— Work order —
Without the pictures, write the listing out again exactly as it appears.

— Data segment —
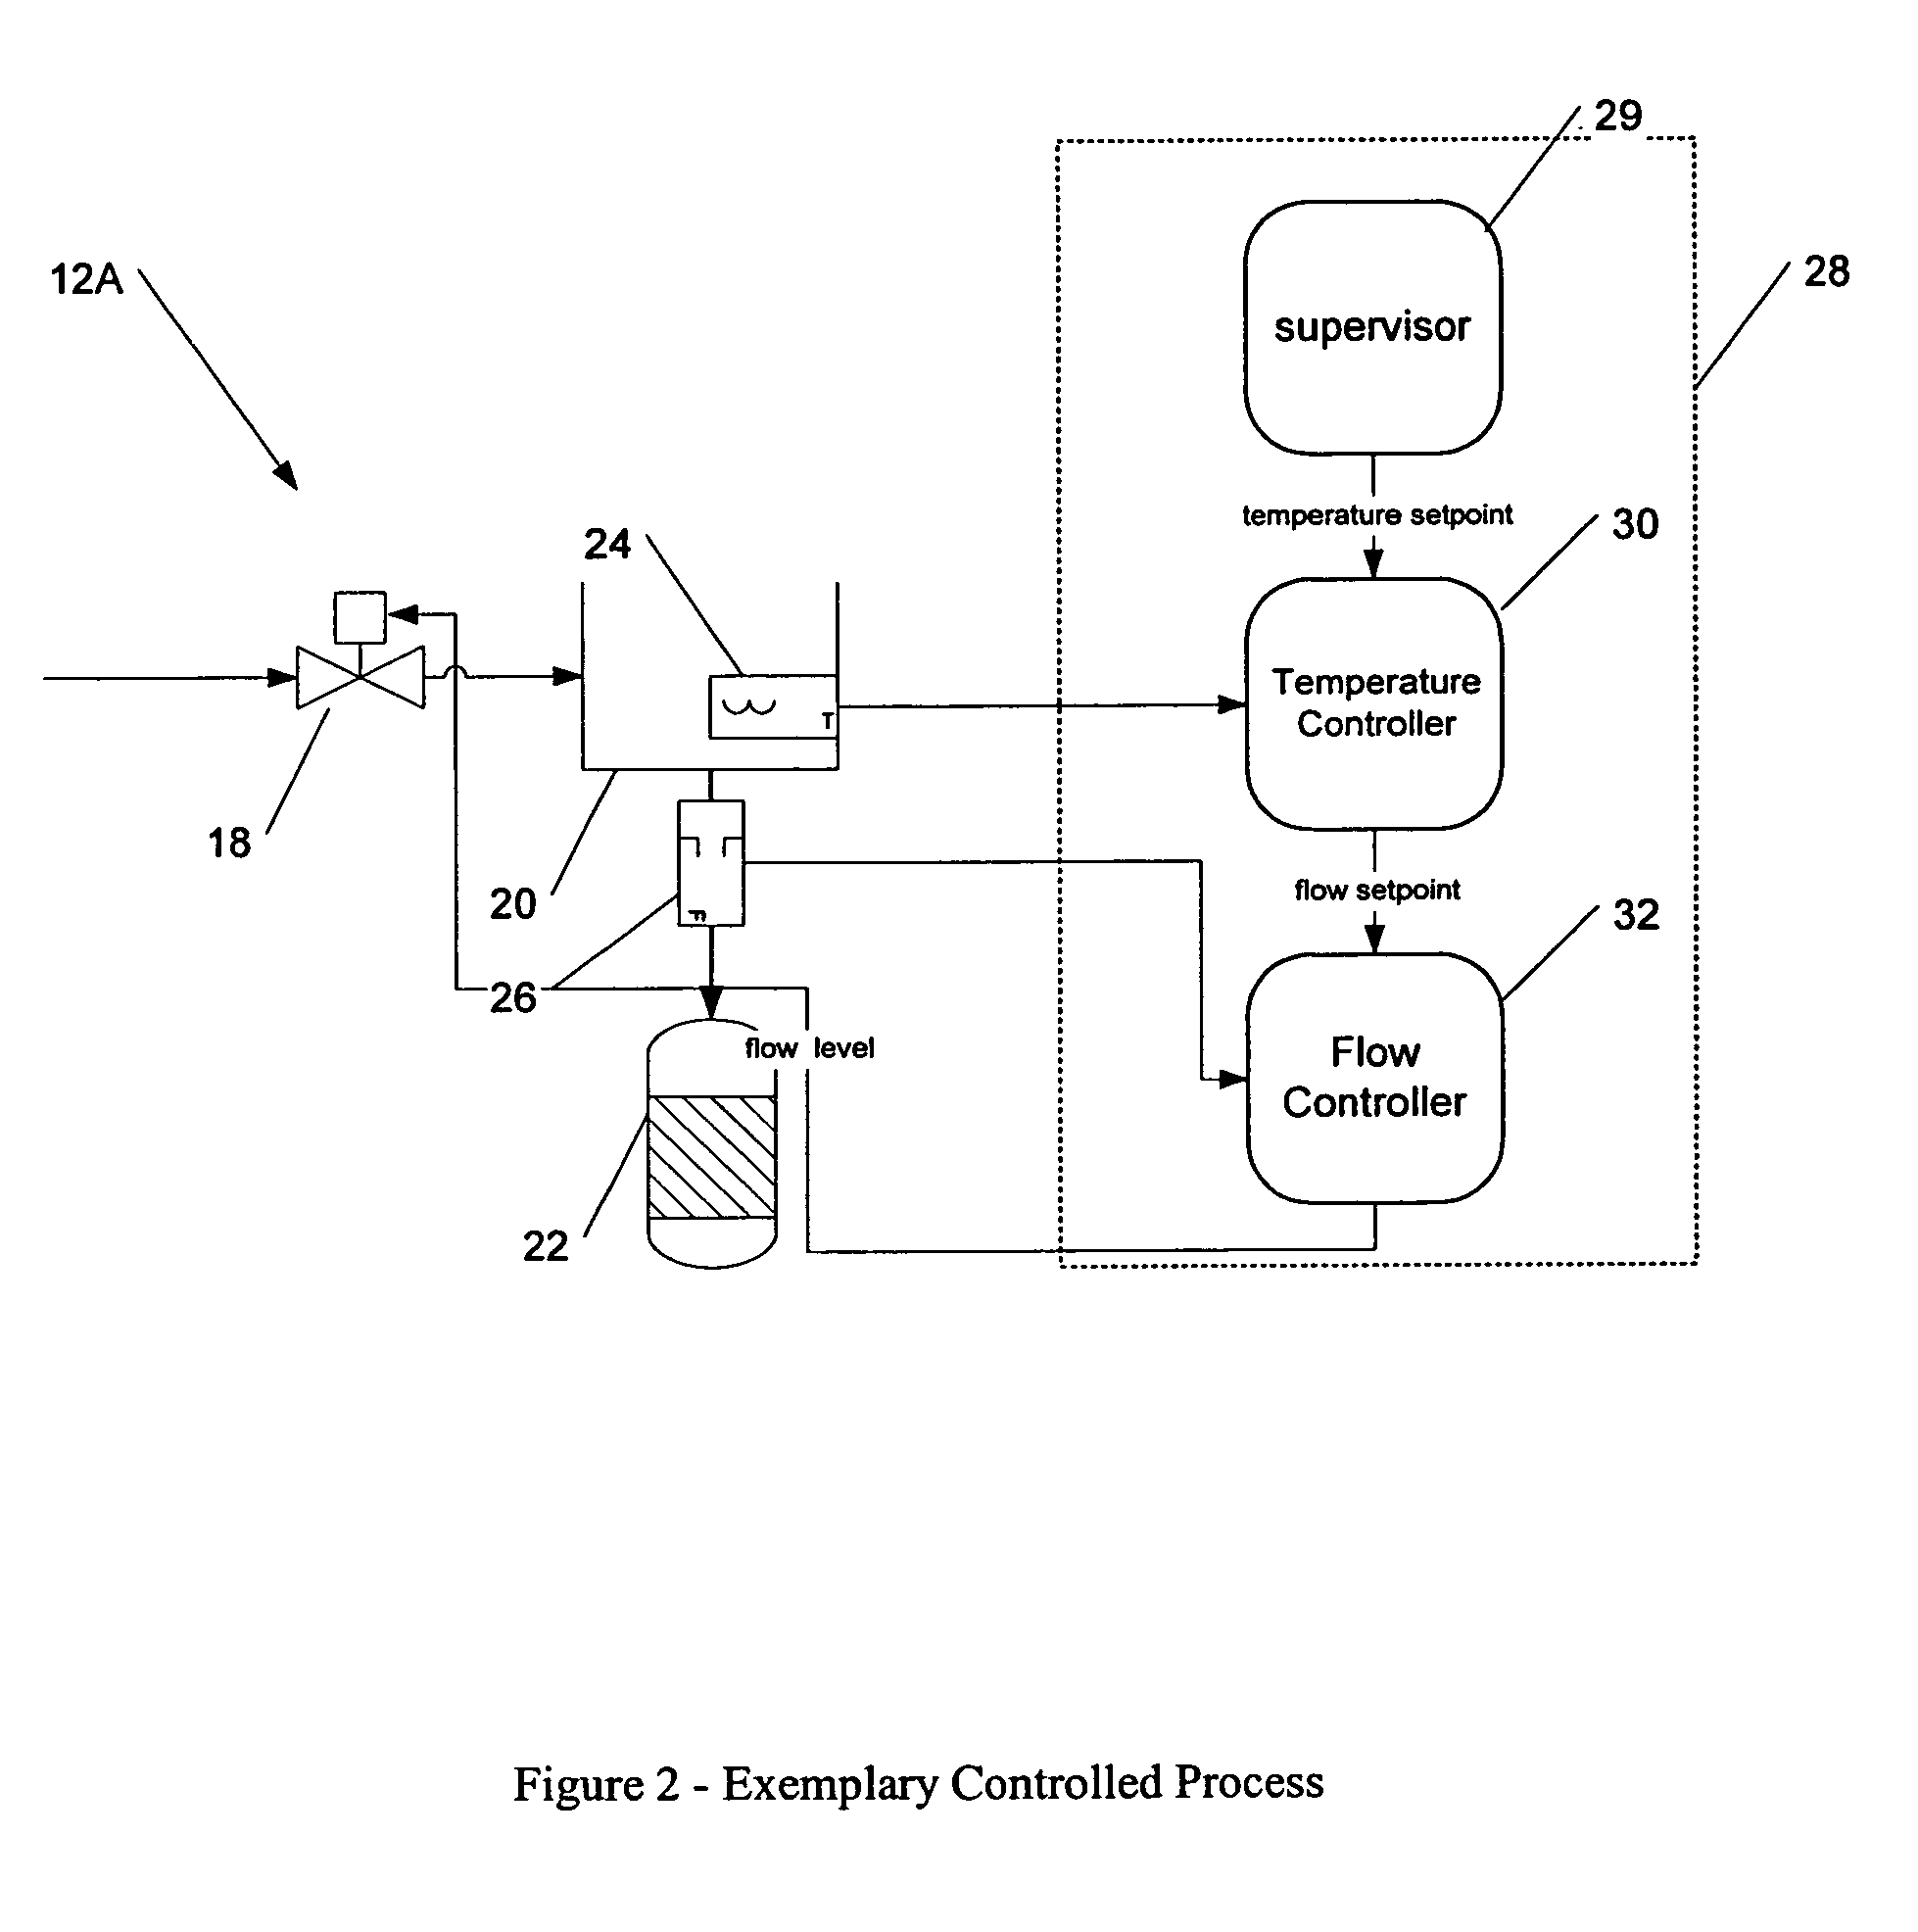 Methods and apparatus for control configuration with versioning, security, composite blocks, edit selection, object swapping, formulaic values and other aspects
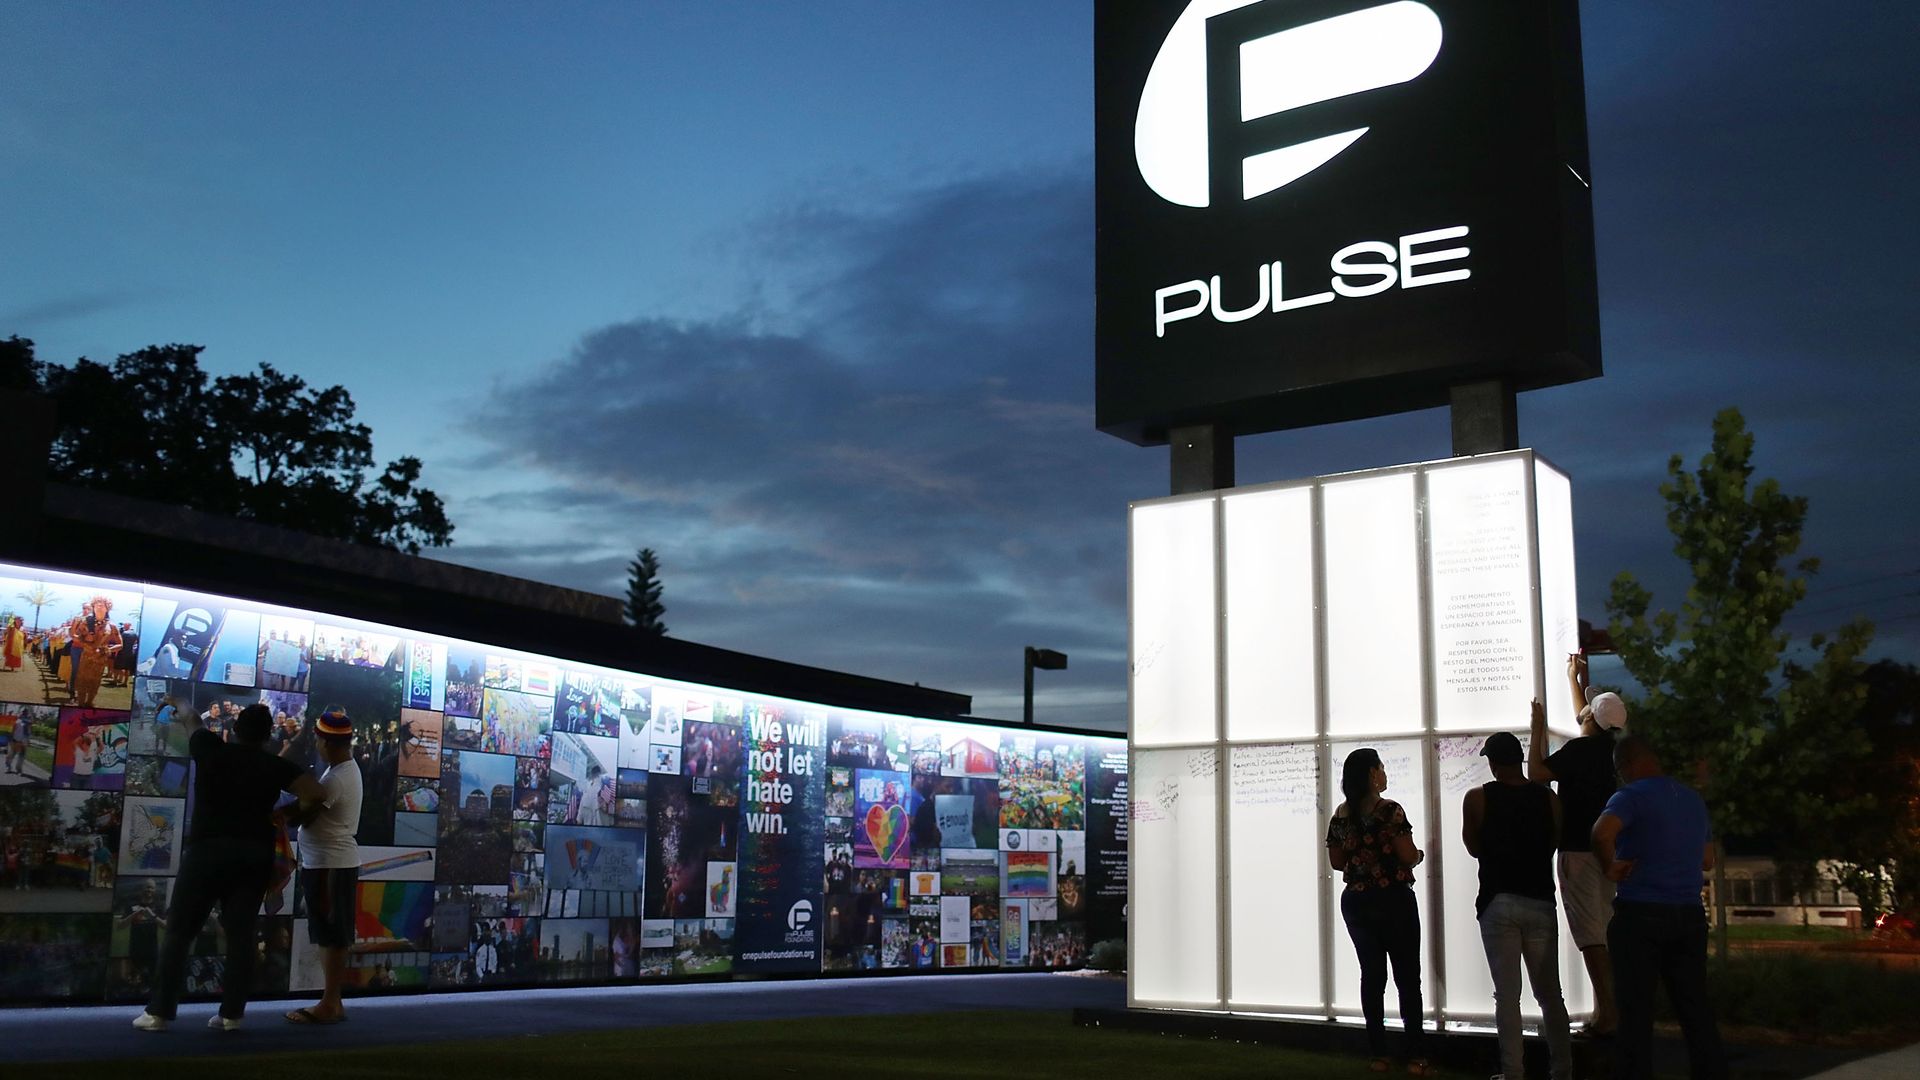 People in 2018 visiting a memorial for the 49 victims of the Pulse nightclub shooting in Orlando.
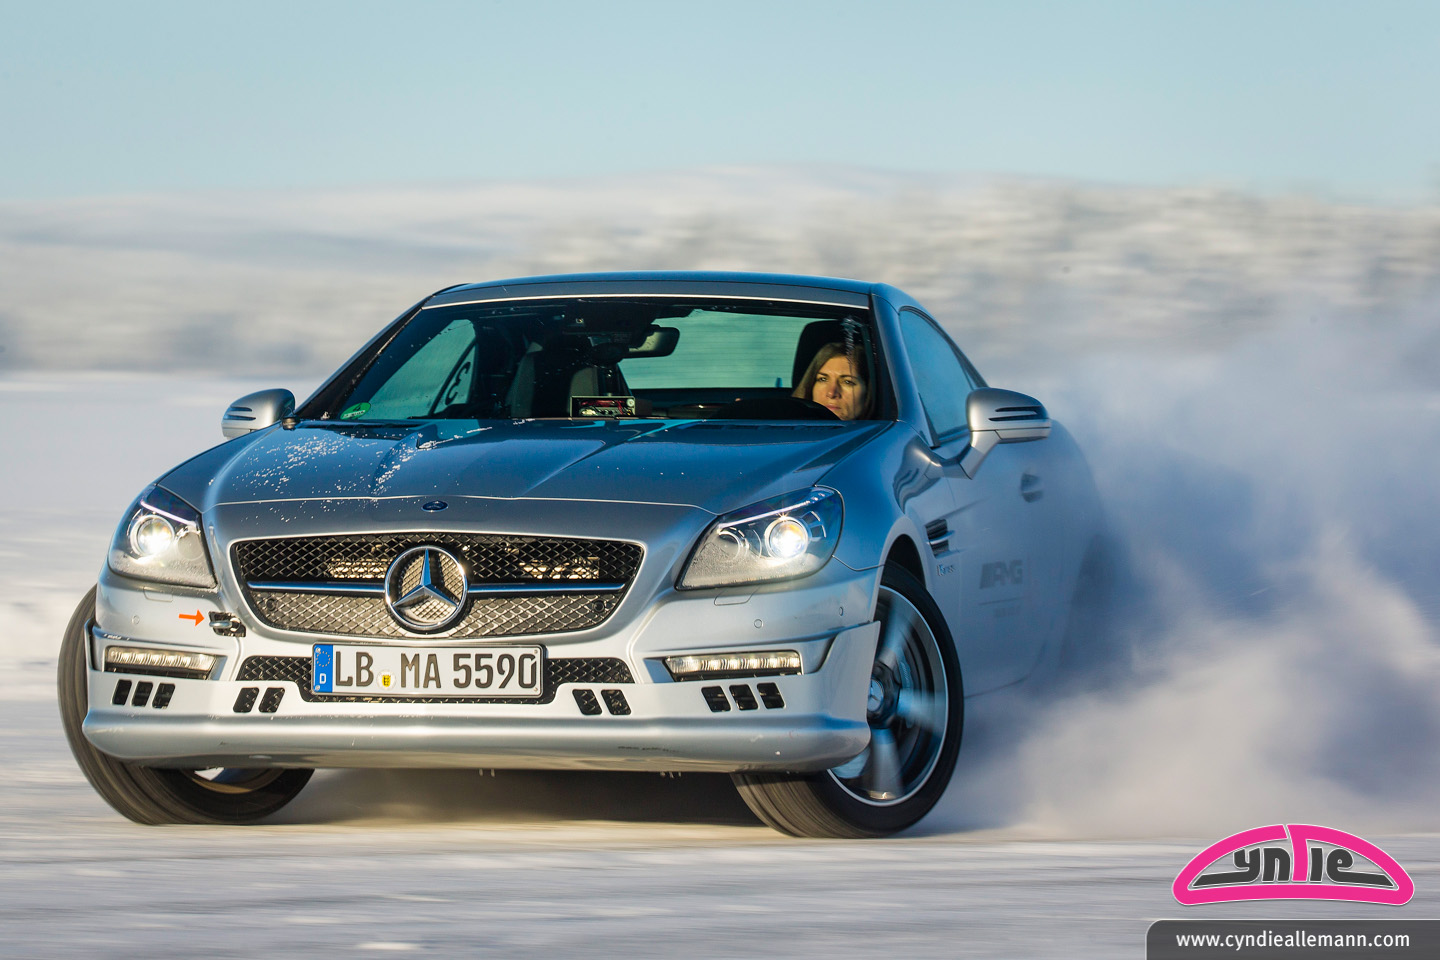 AMG Driving Academy: AMG Winter Sporting, Suède

— Response to this exercise —
 Methods and apparatus for control configuration with versioning, security, composite blocks, edit selection, object swapping, formulaic values and other aspects
 People in 2018 visiting a memorial for the 49 victims of the Pulse nightclub shooting in Orlando.
 AMG Driving Academy: AMG Winter Sporting, Suède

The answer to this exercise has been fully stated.